23/06/2010

NO SILÊNCIO...


Imagem da net


No silêncio das horas mal dormidas
E preenchendo os nódulos do vazio,
Banhei os sonhos e fantasias
Como quem se banha num rio.

Desfiz todas as frases feitas,
Não ensaio nem decoro respostas,
Quero-me solta como grãos de areia,
Genuína e serena como as encostas...

Sou apenas e simplesmente o que sou,
Sem arestas, sem pontas nem peias
E no silêncio que a noite criou
Senti-me assim como os grãos de areia...

Amanhã quero cantar outro dia,
Bem cedo, logo que o Sol acordar
E dizer com grande euforia
Eu nasci para te amar!




16/06/2010

11 comentários:

Rogério Pereira disse...

"Banhei os sonhos e fantasias
Como quem se banha num rio"
Nascido de todas as fontes
Que agora corre, num fio
Cruzando todos os montes
Nesse silêncio
Próprio de águas tão puras

(desculpe-me Ana ter abusado, mas um poema belo faz-me cometer gestos destes... Quando me conhecer melhor perceberá que comento preferencialmente assim, avinagrando poemas...)

orvalho do ceu disse...

Oi,
Adorei a terceira estrofe... copiei pro meu caderno do "especial"... um pouco de mim nestas linhas...
Tudo sempre tão lindo por aqui...
Obrigada
Muita serenidade como me inspira a melodia do seu Blog... Linda!!

Fernanda disse...

Querida amiga Ana!

Poetisa do amor paixão! Dos sentimentos mais belos que estes provocam.

Cada vez gosto mais da tua poesia, linda, belíssima!

Parabéns e beijinhos,

Luís Coelho disse...

Mais um belo poema com todas as palavras certas.
Parabéns por essa capacidade de dizer tanto em tão poucas palavras.

A. João Soares disse...

Querida Amiga Ana,

Diz o povo que o silêncio é de oiro, mas a Ana consegue, com o seu cântico orquestrado sobre palavras bem timbradas e significativas, usá-lo com uma sonoridade harmoniosa para dizer coisas muito belas.

Muitos parabéns por mais esta jóia poética

Beijos
João

Luis disse...

Querida Amiga Ana Martins,
Diz-se que o silêncio é de oiro e a palavra de prata mas a sua poesia é diamante, tão bela que ela é!
Parabéns!
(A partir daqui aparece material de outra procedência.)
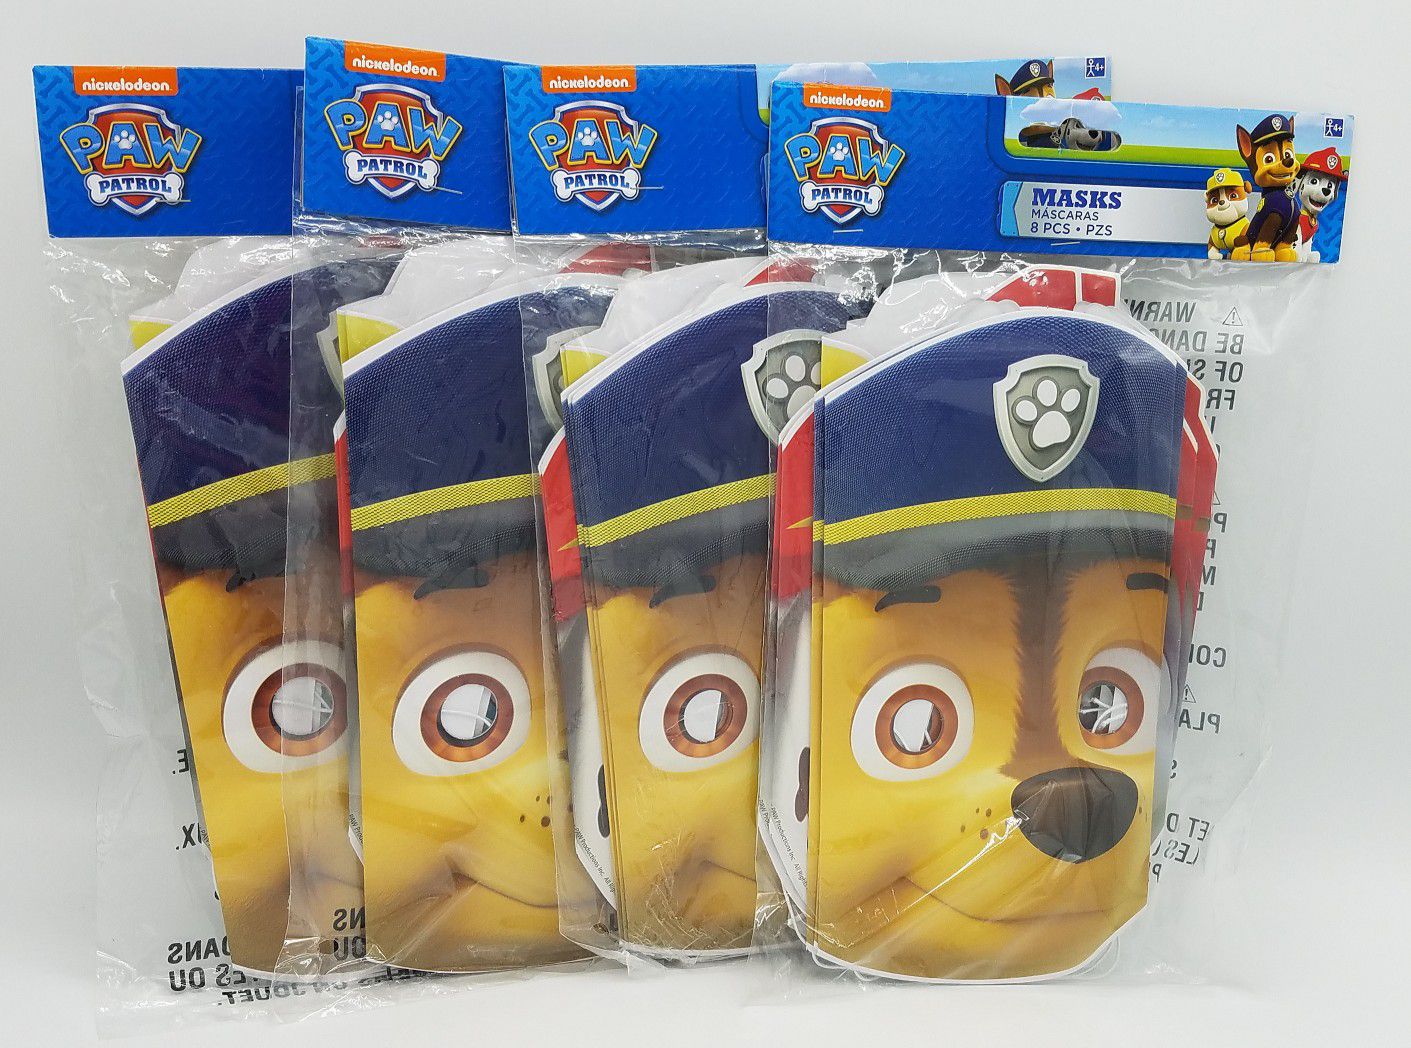 BRAND NEW!! 4 packs of Paw Patrol Party Masks! (8 masks in each pack)

Um beijinho muito amigo.

A. João Soares disse...

Querida Amiga Ana e amigos comentadores,

A propósito de silêncio, sugiro a visita ao post Lição de vida dada por um Tuareg que, por me parecer longo, não publiquei aqui, mas que tem muito interesse e vem reforçar muitos temas idênticos aqui escalpelizados.

Cumprimentos
João

Kyria disse...

Grande poeta Ana, lindos e serenos versos.
Abraços e beijos meus.

Táxi Pluvioso disse...

Estava a pensar que também deveria haver um movimento para proteger os direito doutorais...
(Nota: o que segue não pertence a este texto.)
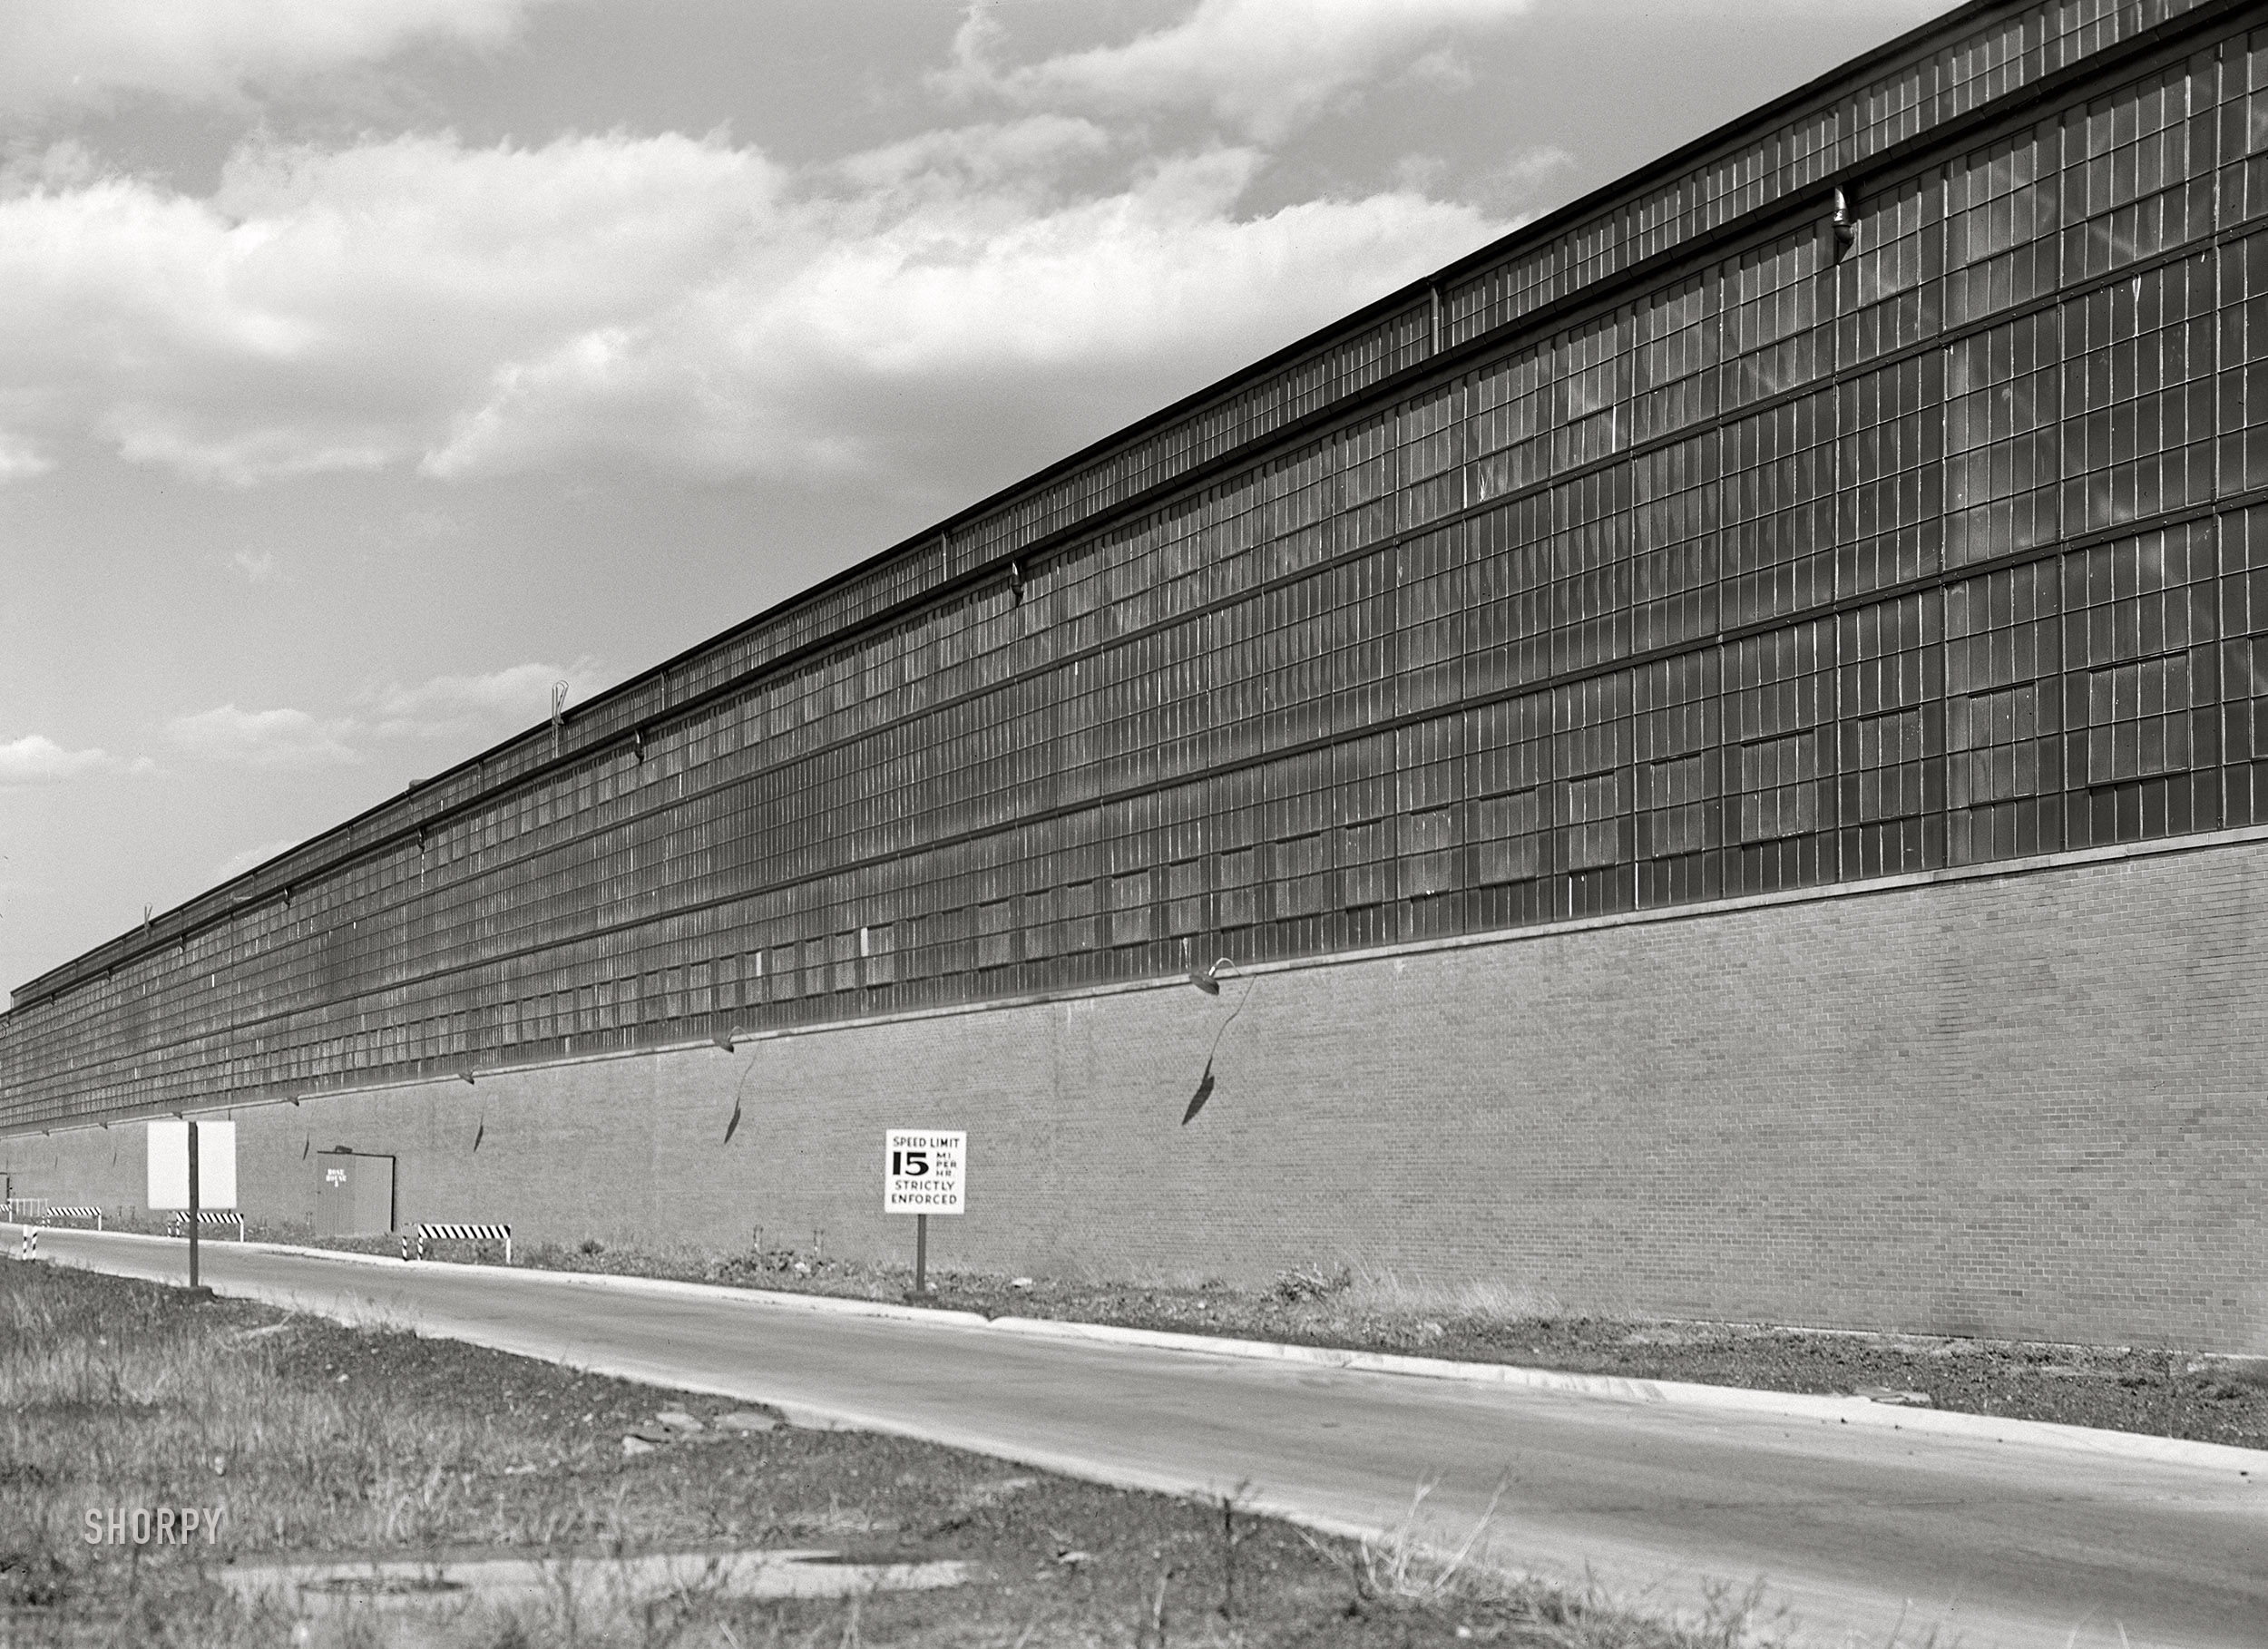 October 1941. "General Motors Fisher Body Ternstedt Division manufacturing plant. West Trenton, New Jersey." Medium format acetate negative by John Vachon. View full size.

Maria Beatriz Ferreira disse...

Olá Ana Martins!

Gosto muitíssimo dos seus poemas,
Este então é arripiante. Lindo!
Parabéns.

Merece mesmo que a sua obra seja publicada!
Como estão as coisas?
Gostava de saber que o assunto não está esquecido.

Beijinhos
Beatriz

Saozita disse...

Adorei este poema, aliás como todos que escreve, qual deles o mais lindo!

Segundo Fernando Pessoa "Toda a poesia - e a canção é uma poesia ajudada - reflecte o que a alma não tem. Por isso a canção dos povos tristes é alegre e a canção dos povos alegres é triste."

Não posso deixar de concordar em parte com o Fernando Pessoa, digo em parte, porque conhecendo-a, como conheço os seus poemas são genuínos estados de alma, transmitidos em palavras belas e armoniosas, e neste caso refletem o que lhe vai na alma. As horas mal dormidas, servem para fazer a retrospectiva, dos sonhos idealizados, sofridos e concretizados. Servem também para exorcisar as nebulosas do menos bons momentos, no fundo para cimentar e reforçar o amor no presente vivenciado, porque juntos ultrapassaram fronteiras,dificuldades, alegrias e tristezas! Essa é a essência da vida e do amor o reforço dos laços que unem quem se ama.

Mo silêncio das horas mal dormidas, todas as lembranças se nos avivam, na memória de um tempo passado e presente, faz-se o balanço de que amar vale a pena, quando se reconhece que nasci para te amar.

Bj, querida cunhada tem uma boa semana.